Exploring Large Language Models for Knowledge Graph Completion
This addresses the incompleteness issue in knowledge graphs, which is crucial for AI tasks, but it is incremental as it applies existing LLM techniques to a known problem.
The paper tackles the problem of incomplete knowledge graphs by using Large Language Models (LLMs) for knowledge graph completion, achieving state-of-the-art performance in tasks like triple classification and relation prediction, with fine-tuned smaller models outperforming ChatGPT and GPT-4.

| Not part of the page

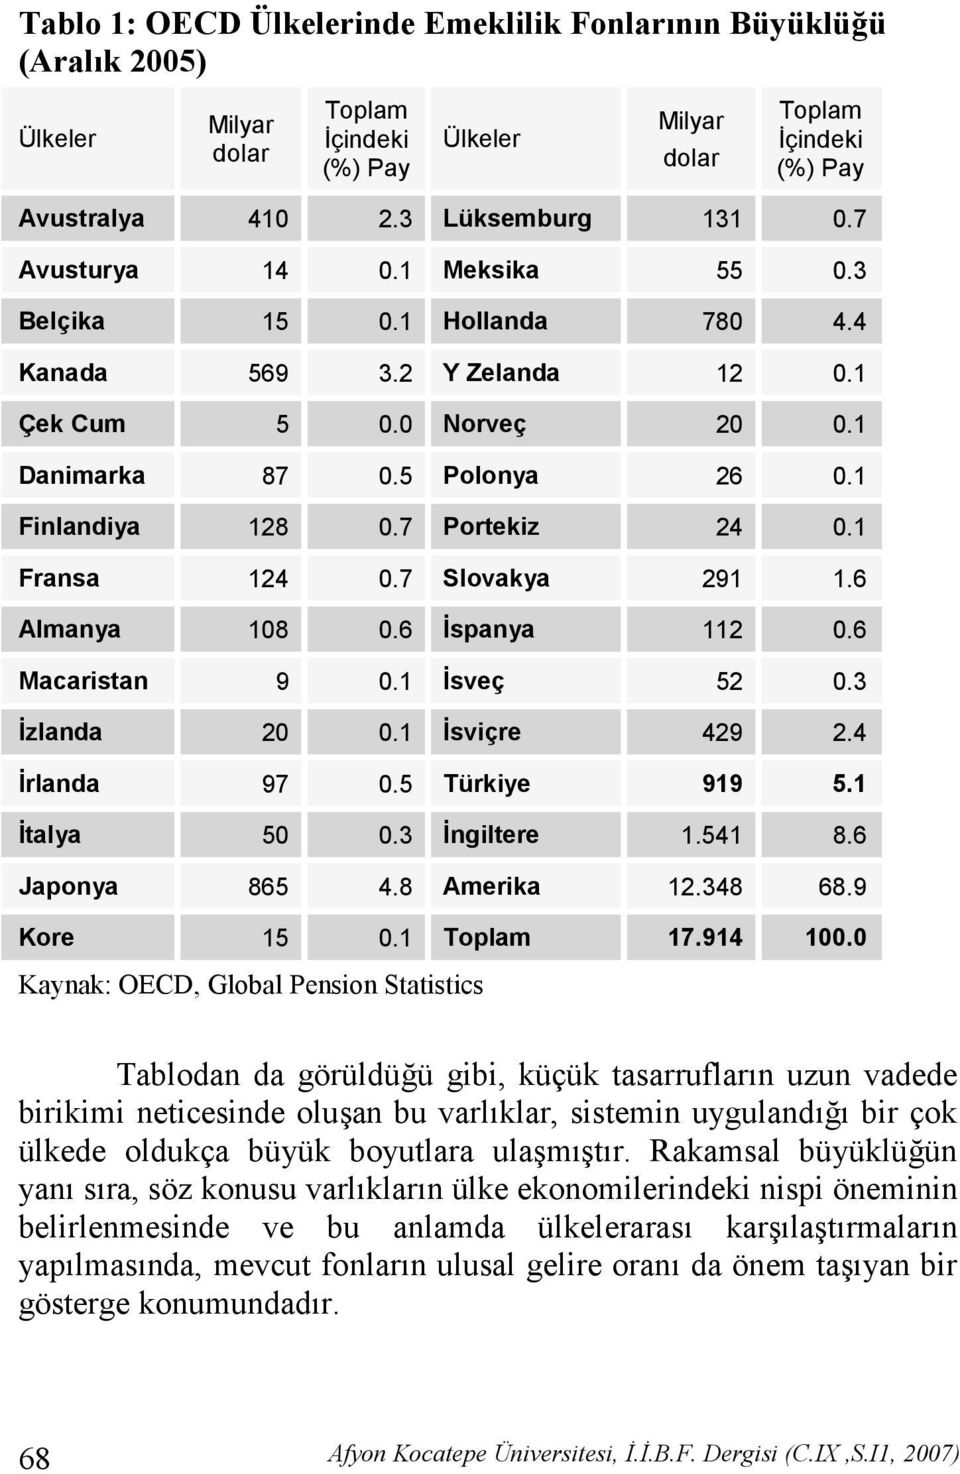 1 Fransa 124 0.7 Slovakya 291 1.6 Almanya 108 0.6 %spanya 112 0.6 Macaristan 9 0.1 %sveç 52 0.3 %zlanda 20 0.1 %sviçre 429 2.4 %rlanda 97 0.5 Türkiye 919 5.1 %talya 50 0.3 %ngiltere 1.541 8.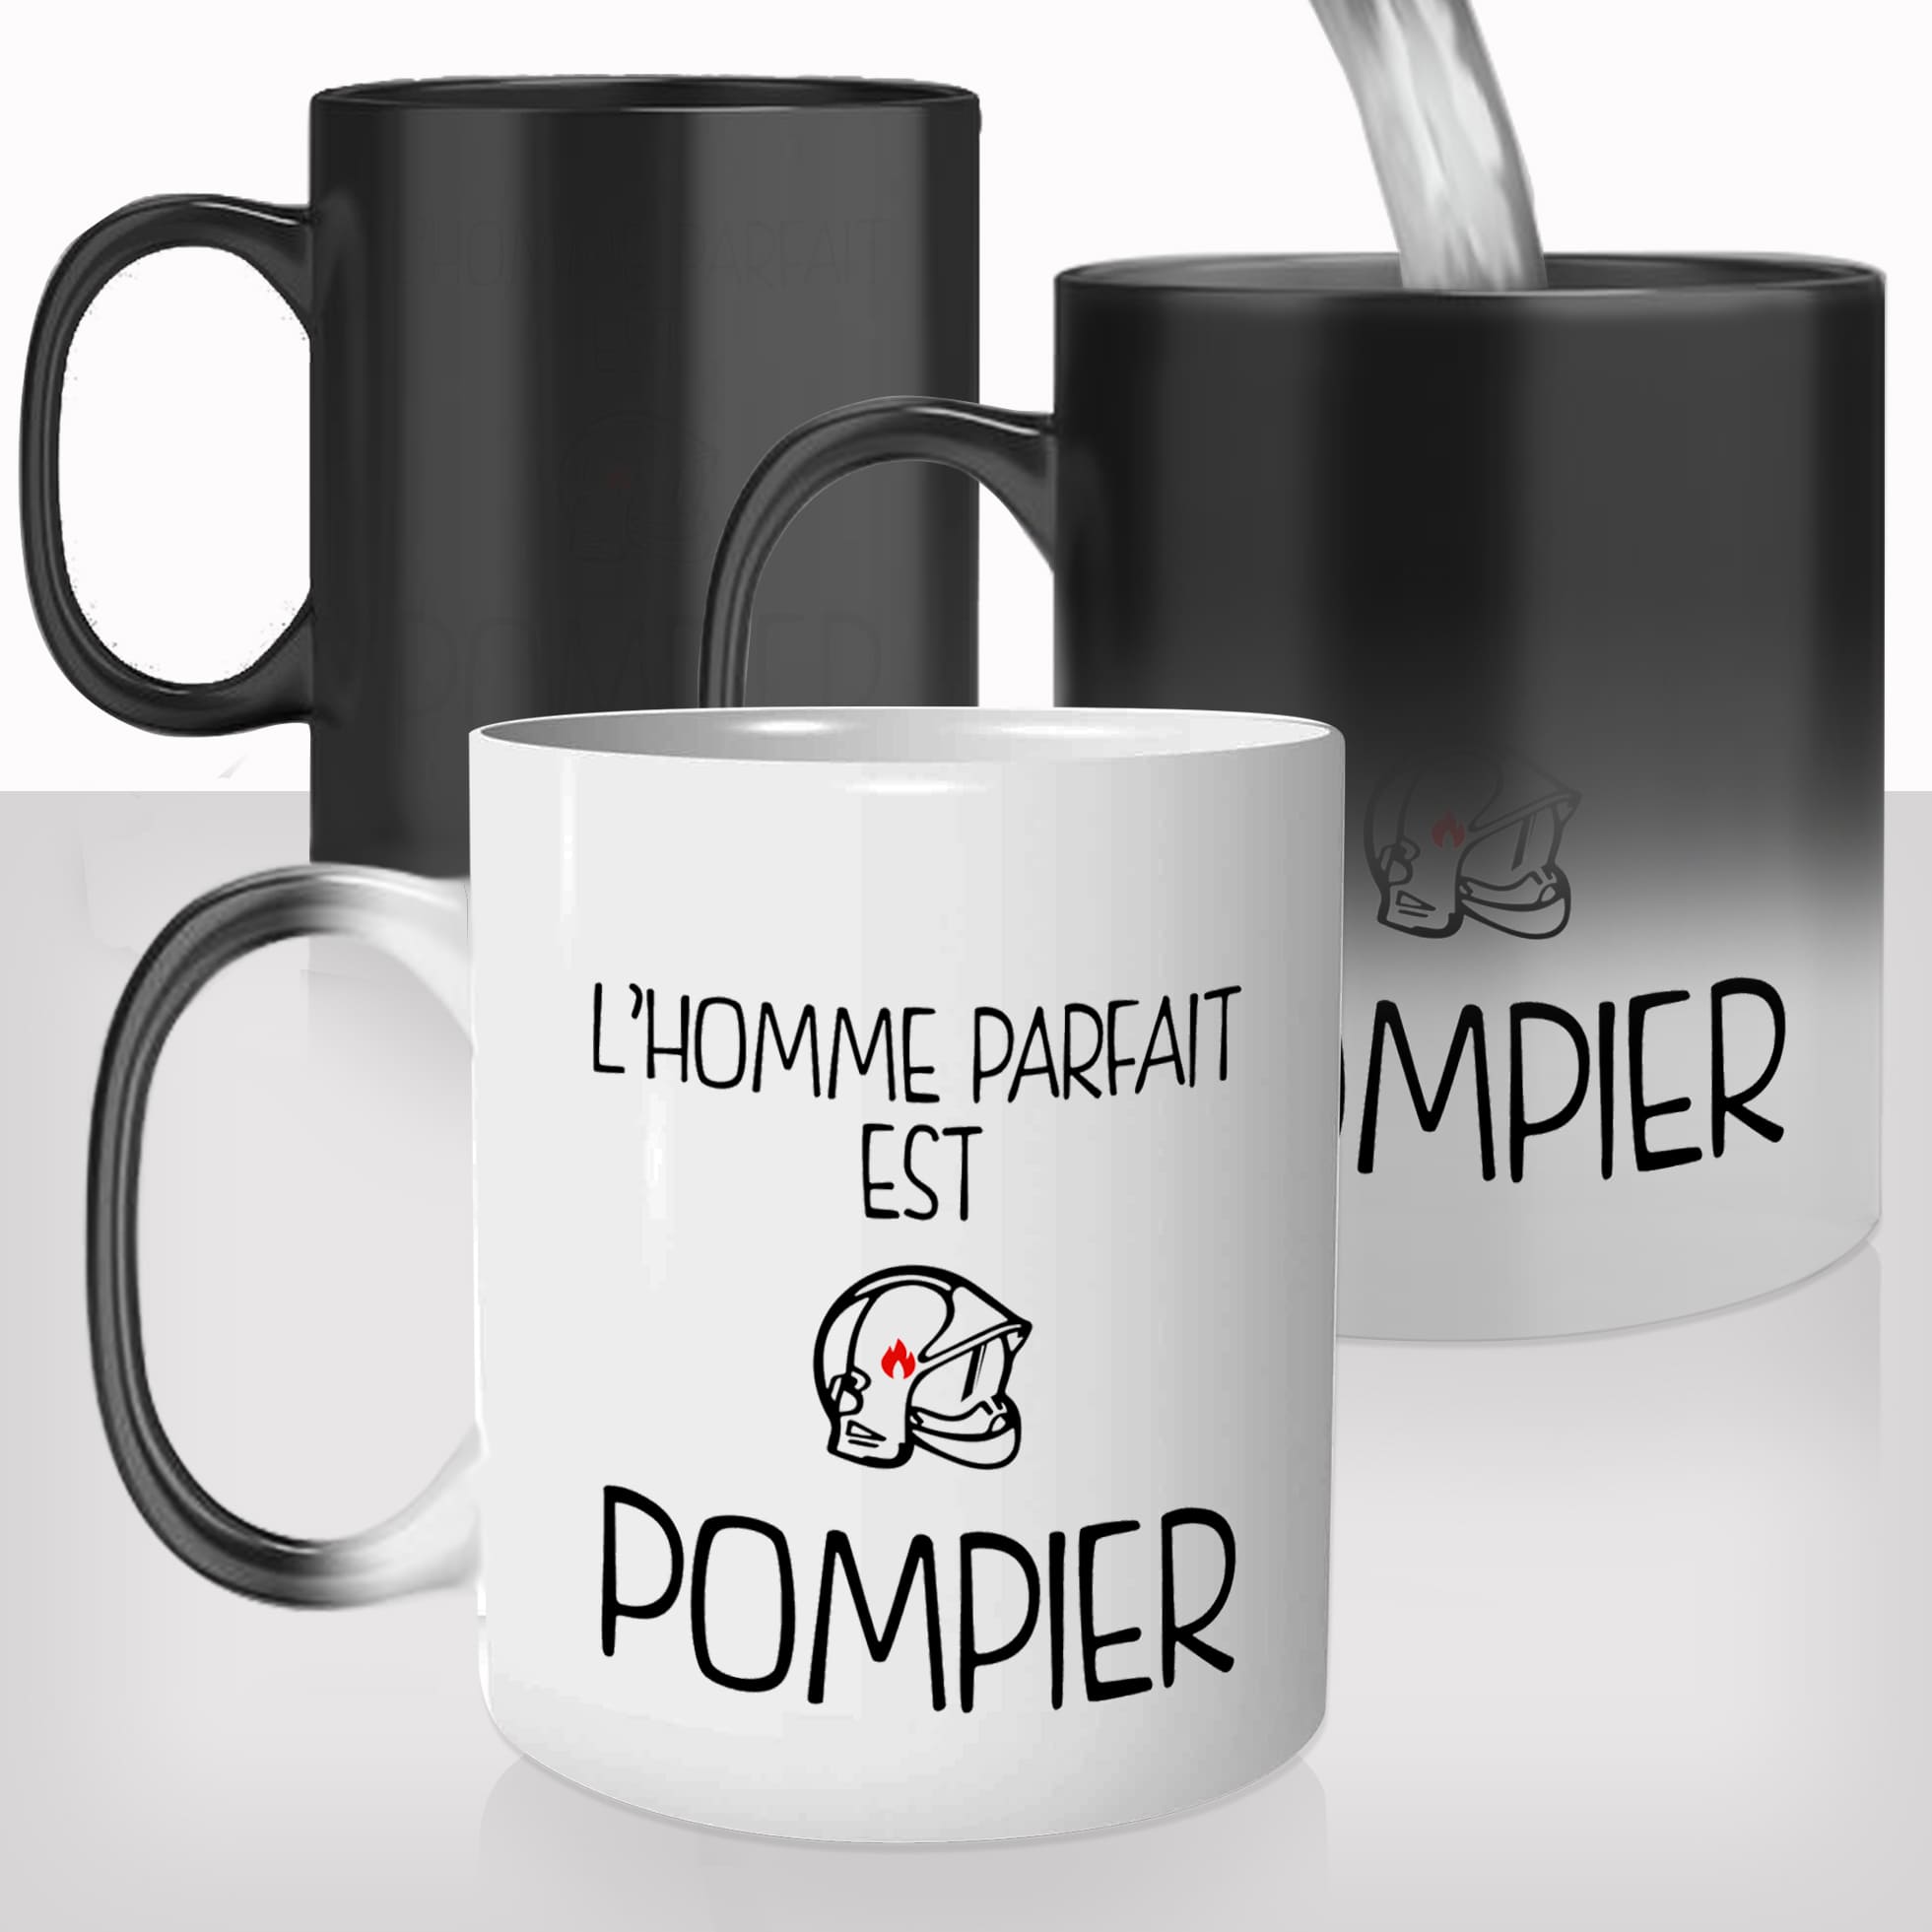 mug-magique-tasse-magic-thermo-reactif-chauffant-metier-lhomme-parfait-est-pompier-volontaire-sexy-photo-personnalisable-fun-cadeau

Knowledge graphs play a vital role in numerous artificial intelligence tasks, yet they frequently face the issue of incompleteness. In this study, we explore utilizing Large Language Models (LLM) for knowledge graph completion. We consider triples in knowledge graphs as text sequences and introduce an innovative framework called Knowledge Graph LLM (KG-LLM) to model these triples. Our technique employs entity and relation descriptions of a triple as prompts and utilizes the response for predictions. Experiments on various benchmark knowledge graphs demonstrate that our method attains state-of-the-art performance in tasks such as triple classification and relation prediction. We also find that fine-tuning relatively smaller models (e.g., LLaMA-7B, ChatGLM-6B) outperforms recent ChatGPT and GPT-4.